[Record extracts]

#####

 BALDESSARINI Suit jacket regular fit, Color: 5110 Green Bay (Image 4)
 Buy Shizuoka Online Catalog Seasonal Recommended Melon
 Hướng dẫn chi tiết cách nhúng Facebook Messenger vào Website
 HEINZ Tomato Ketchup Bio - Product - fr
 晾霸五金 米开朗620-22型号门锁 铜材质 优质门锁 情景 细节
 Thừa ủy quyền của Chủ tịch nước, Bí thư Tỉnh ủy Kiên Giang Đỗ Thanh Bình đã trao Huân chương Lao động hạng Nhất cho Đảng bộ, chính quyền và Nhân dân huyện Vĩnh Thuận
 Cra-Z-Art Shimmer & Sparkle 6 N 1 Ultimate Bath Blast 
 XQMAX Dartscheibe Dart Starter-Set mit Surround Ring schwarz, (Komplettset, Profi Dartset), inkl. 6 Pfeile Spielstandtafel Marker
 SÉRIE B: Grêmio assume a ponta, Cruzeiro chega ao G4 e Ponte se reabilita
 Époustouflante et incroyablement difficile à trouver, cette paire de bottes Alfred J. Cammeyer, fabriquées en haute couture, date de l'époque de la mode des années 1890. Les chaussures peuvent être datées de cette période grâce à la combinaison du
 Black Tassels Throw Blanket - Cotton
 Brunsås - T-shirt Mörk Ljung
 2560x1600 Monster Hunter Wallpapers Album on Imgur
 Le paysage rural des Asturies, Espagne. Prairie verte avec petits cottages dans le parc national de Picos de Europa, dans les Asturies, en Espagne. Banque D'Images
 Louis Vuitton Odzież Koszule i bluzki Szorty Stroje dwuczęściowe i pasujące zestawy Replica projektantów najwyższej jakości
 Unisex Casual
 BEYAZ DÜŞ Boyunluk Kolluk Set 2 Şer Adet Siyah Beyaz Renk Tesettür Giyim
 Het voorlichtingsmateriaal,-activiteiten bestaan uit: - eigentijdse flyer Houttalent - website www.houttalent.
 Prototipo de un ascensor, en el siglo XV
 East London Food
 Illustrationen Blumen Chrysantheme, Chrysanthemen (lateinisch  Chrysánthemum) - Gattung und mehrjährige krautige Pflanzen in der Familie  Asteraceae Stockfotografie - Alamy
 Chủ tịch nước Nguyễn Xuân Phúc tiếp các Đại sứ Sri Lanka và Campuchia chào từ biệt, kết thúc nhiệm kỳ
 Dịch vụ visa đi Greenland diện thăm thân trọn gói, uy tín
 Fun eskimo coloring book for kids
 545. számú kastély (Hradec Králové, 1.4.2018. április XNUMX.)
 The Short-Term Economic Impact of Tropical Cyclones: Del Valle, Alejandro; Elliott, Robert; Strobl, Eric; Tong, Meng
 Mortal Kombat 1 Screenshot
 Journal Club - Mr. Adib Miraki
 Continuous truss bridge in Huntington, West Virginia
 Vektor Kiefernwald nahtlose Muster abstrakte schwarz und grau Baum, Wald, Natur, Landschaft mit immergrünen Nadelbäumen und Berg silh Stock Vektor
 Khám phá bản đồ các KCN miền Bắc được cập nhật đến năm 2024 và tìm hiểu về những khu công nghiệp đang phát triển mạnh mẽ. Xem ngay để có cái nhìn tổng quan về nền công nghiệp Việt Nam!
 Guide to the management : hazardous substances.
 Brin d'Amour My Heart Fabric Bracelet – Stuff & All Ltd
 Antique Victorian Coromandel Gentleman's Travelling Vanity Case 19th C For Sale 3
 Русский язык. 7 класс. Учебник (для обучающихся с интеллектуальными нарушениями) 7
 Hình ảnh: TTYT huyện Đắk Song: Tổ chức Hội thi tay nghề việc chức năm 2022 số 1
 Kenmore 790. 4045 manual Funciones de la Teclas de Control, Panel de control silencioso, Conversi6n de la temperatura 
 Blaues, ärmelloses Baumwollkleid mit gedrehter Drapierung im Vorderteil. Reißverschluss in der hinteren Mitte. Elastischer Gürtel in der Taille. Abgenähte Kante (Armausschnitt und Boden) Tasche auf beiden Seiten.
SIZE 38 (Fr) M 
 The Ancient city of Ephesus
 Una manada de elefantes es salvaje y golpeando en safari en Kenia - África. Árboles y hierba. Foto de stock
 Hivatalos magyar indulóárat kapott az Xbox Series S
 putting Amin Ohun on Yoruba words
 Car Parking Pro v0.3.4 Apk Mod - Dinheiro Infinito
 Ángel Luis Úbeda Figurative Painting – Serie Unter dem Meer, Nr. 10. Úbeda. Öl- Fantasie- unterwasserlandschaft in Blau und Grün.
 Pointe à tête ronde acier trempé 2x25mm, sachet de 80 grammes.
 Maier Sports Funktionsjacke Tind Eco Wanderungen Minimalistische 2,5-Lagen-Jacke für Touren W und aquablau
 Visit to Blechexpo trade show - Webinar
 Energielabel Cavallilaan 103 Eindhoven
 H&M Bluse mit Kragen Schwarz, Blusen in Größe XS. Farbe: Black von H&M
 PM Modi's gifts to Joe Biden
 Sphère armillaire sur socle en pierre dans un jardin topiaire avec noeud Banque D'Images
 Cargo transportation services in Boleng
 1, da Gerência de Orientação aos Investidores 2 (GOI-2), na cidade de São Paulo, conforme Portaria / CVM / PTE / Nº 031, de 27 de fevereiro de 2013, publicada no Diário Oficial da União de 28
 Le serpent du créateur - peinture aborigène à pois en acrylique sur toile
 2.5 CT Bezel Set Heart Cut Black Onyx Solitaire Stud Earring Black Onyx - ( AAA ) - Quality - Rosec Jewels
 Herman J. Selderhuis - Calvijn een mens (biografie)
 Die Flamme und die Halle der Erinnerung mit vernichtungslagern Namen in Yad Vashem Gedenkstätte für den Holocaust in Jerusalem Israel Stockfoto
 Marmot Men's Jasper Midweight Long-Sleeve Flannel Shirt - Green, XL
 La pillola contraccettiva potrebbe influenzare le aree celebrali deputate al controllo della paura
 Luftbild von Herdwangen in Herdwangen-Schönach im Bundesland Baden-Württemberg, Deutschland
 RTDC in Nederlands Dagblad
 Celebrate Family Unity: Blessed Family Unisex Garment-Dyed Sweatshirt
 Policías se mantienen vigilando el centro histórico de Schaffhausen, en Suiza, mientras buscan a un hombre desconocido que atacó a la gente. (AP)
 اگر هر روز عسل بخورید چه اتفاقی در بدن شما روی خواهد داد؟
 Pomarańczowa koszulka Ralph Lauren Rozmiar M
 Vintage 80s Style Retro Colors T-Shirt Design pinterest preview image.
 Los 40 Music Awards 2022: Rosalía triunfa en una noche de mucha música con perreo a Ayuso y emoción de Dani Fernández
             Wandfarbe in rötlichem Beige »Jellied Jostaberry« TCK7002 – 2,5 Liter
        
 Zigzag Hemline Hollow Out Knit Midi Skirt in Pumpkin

#####

[About this exercise] Leave out every line after the one with "Thừa ủy quyền". Reproduce the material above exactly from its first line through that line.

[Exercise solution]
 BALDESSARINI Suit jacket regular fit, Color: 5110 Green Bay (Image 4)
 Buy Shizuoka Online Catalog Seasonal Recommended Melon
 Hướng dẫn chi tiết cách nhúng Facebook Messenger vào Website
 HEINZ Tomato Ketchup Bio - Product - fr
 晾霸五金 米开朗620-22型号门锁 铜材质 优质门锁 情景 细节
 Thừa ủy quyền của Chủ tịch nước, Bí thư Tỉnh ủy Kiên Giang Đỗ Thanh Bình đã trao Huân chương Lao động hạng Nhất cho Đảng bộ, chính quyền và Nhân dân huyện Vĩnh Thuận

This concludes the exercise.